Material for this exercise:
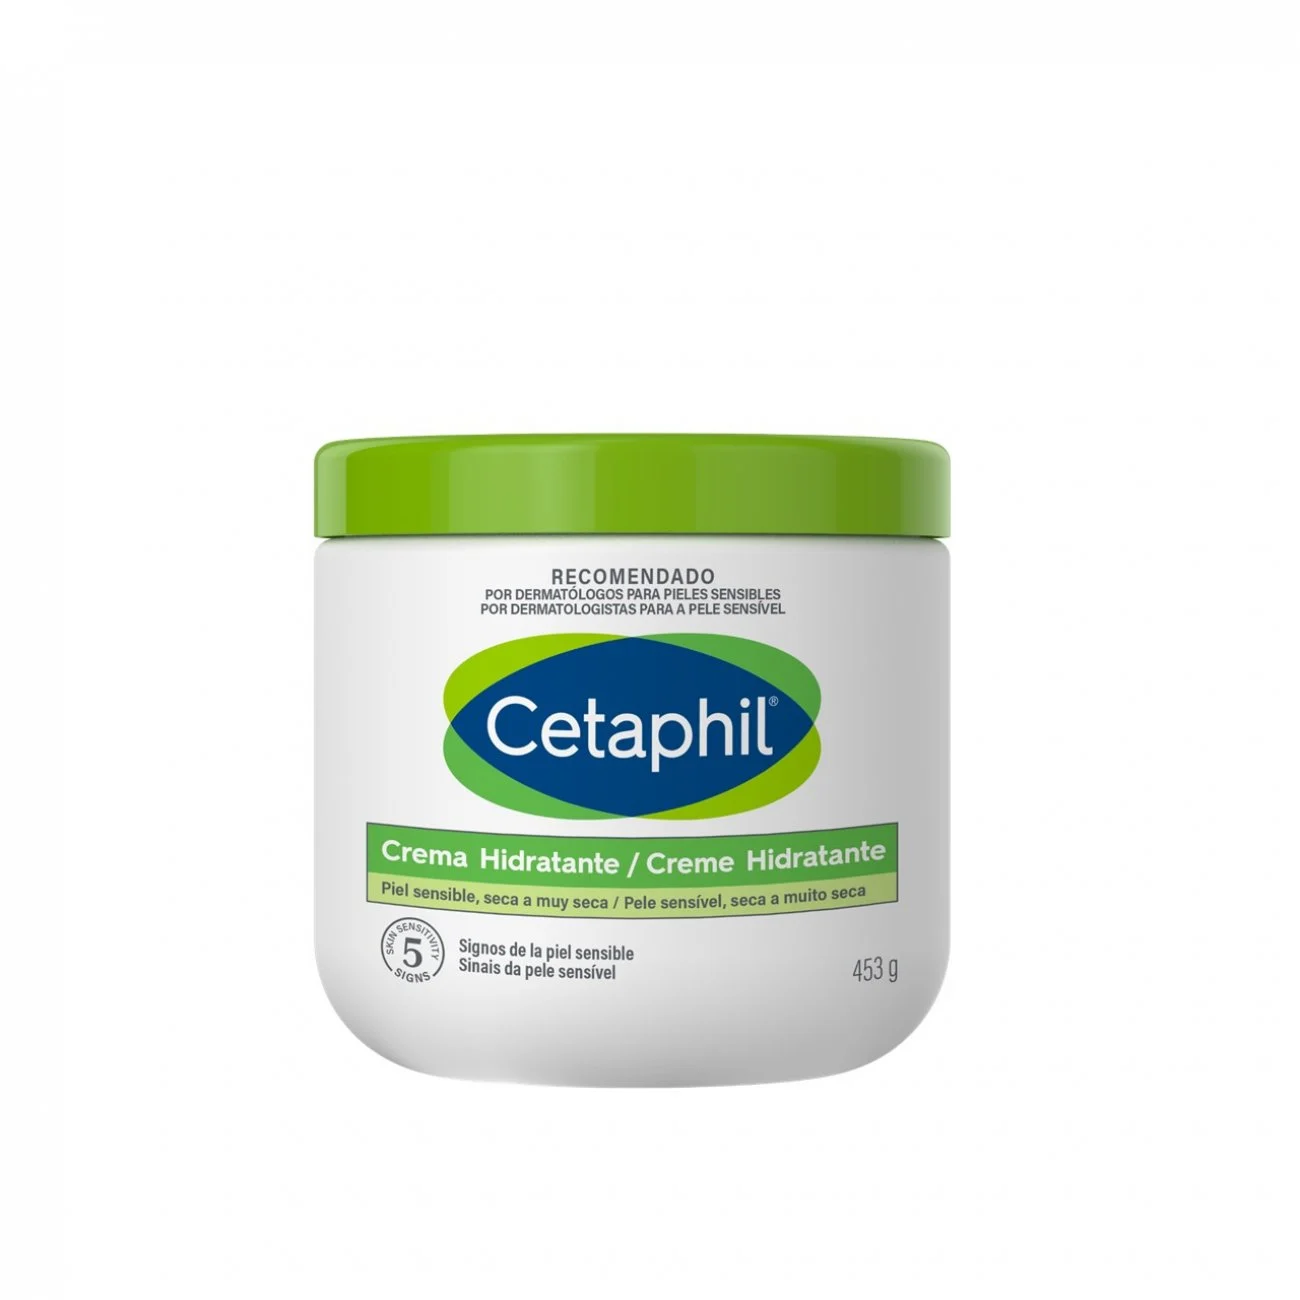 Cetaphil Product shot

--

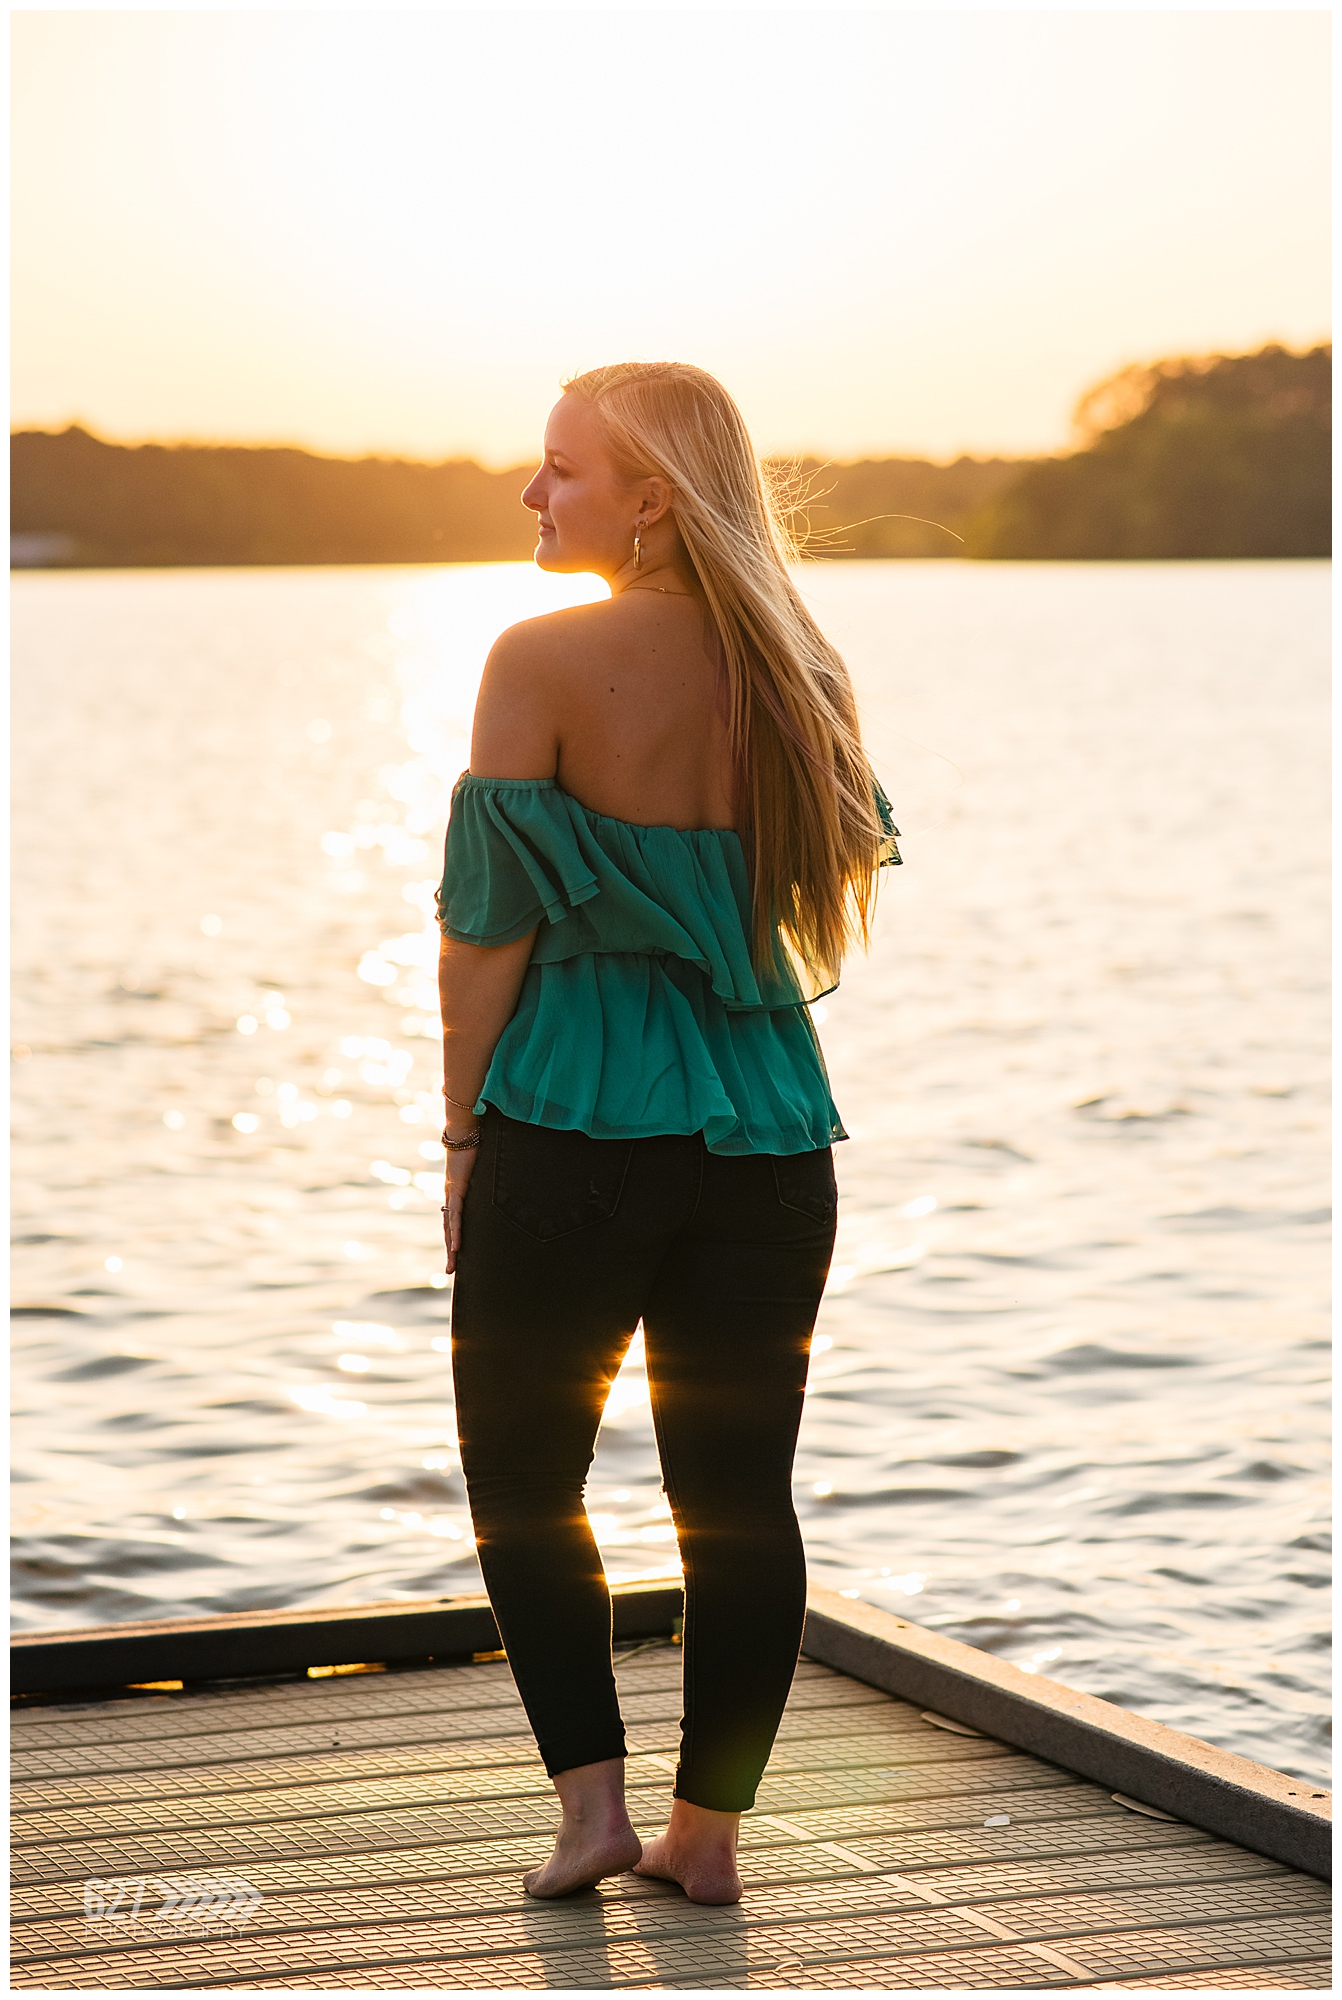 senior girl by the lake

==

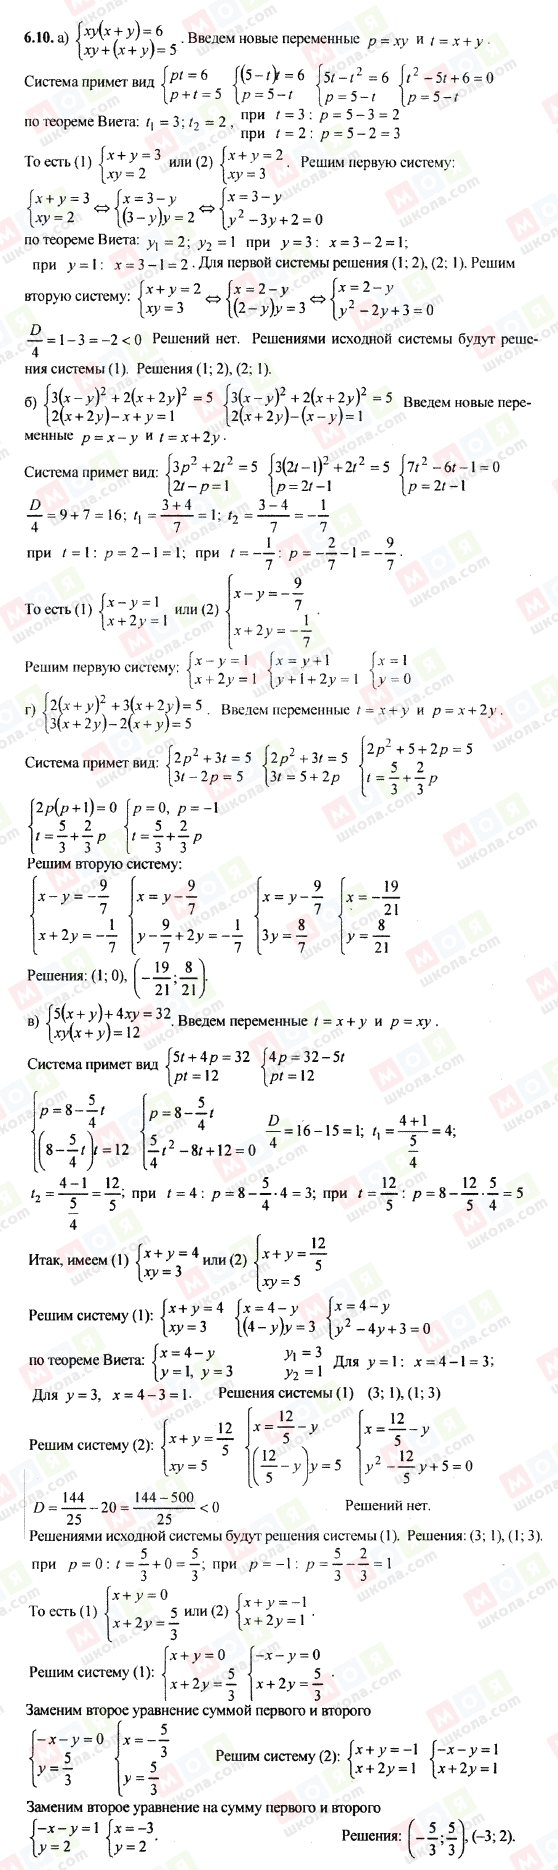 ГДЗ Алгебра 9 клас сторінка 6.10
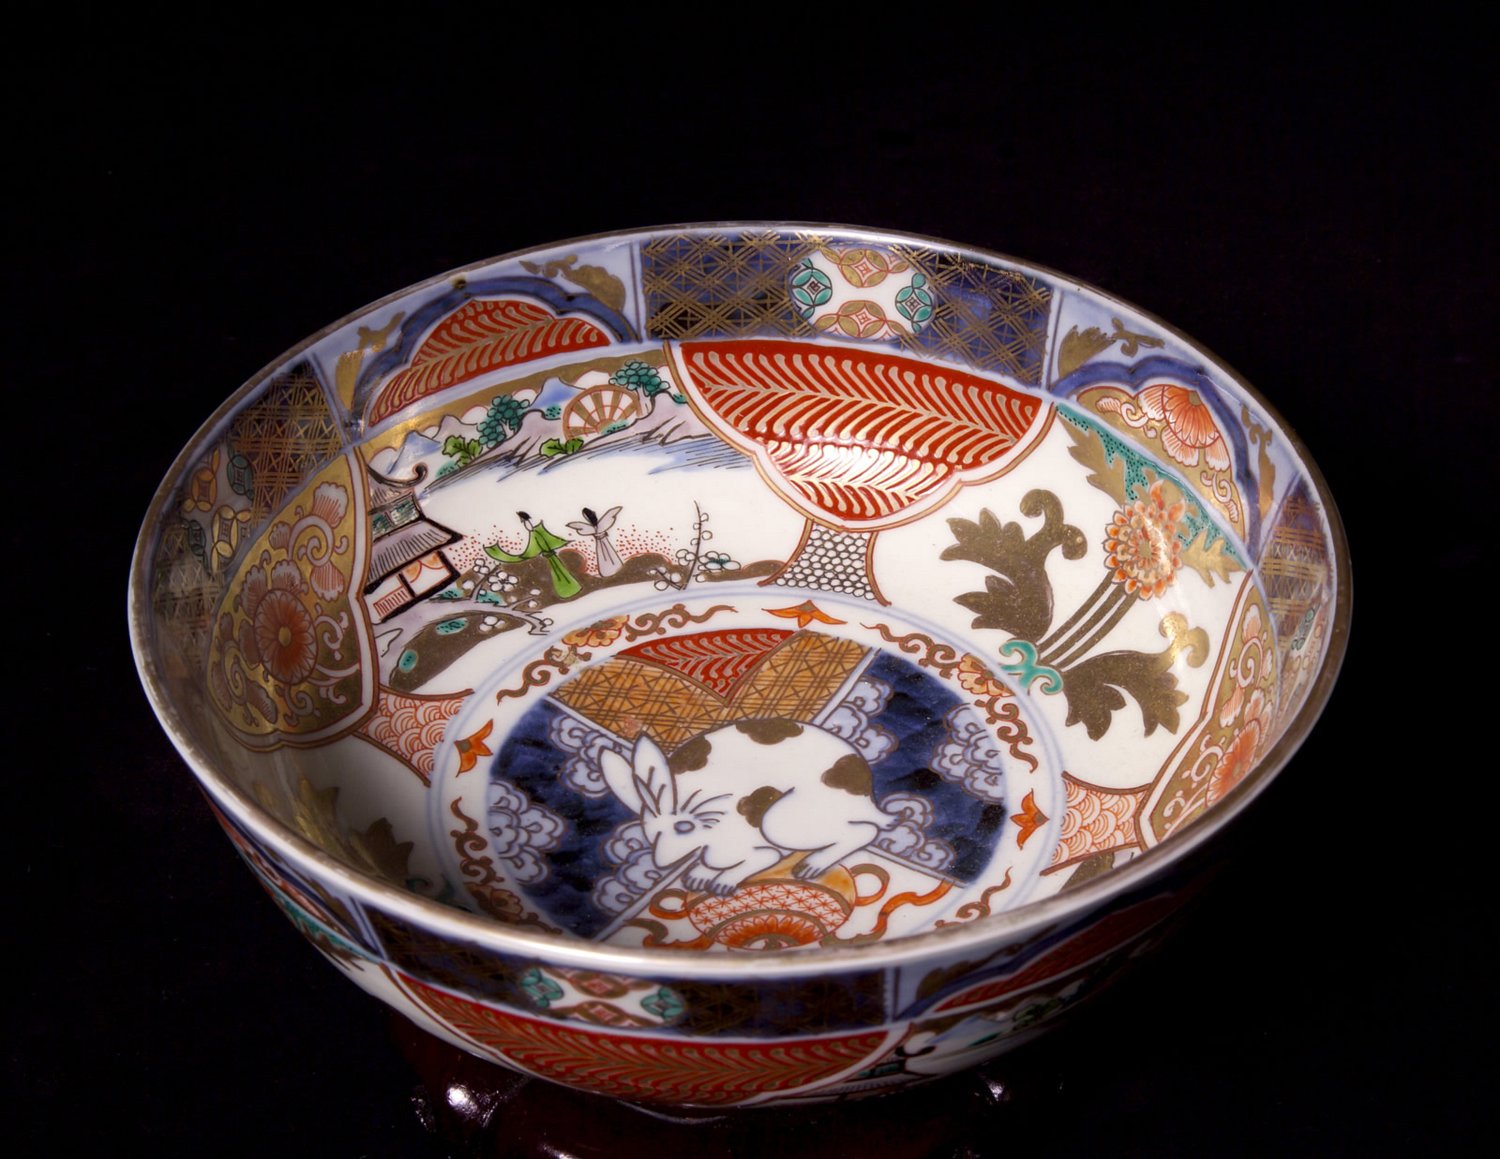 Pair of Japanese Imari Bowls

Required work:
In the data above, find the line containing "ГДЗ Алгебра 9 клас сторінка 6.10" and the line containing "Pair of Japanese Imari Bowls". Repeat those two lines and everything between them exactly, minus the pictures.

Task result:
 ГДЗ Алгебра 9 клас сторінка 6.10
 Pair of Japanese Imari Bowls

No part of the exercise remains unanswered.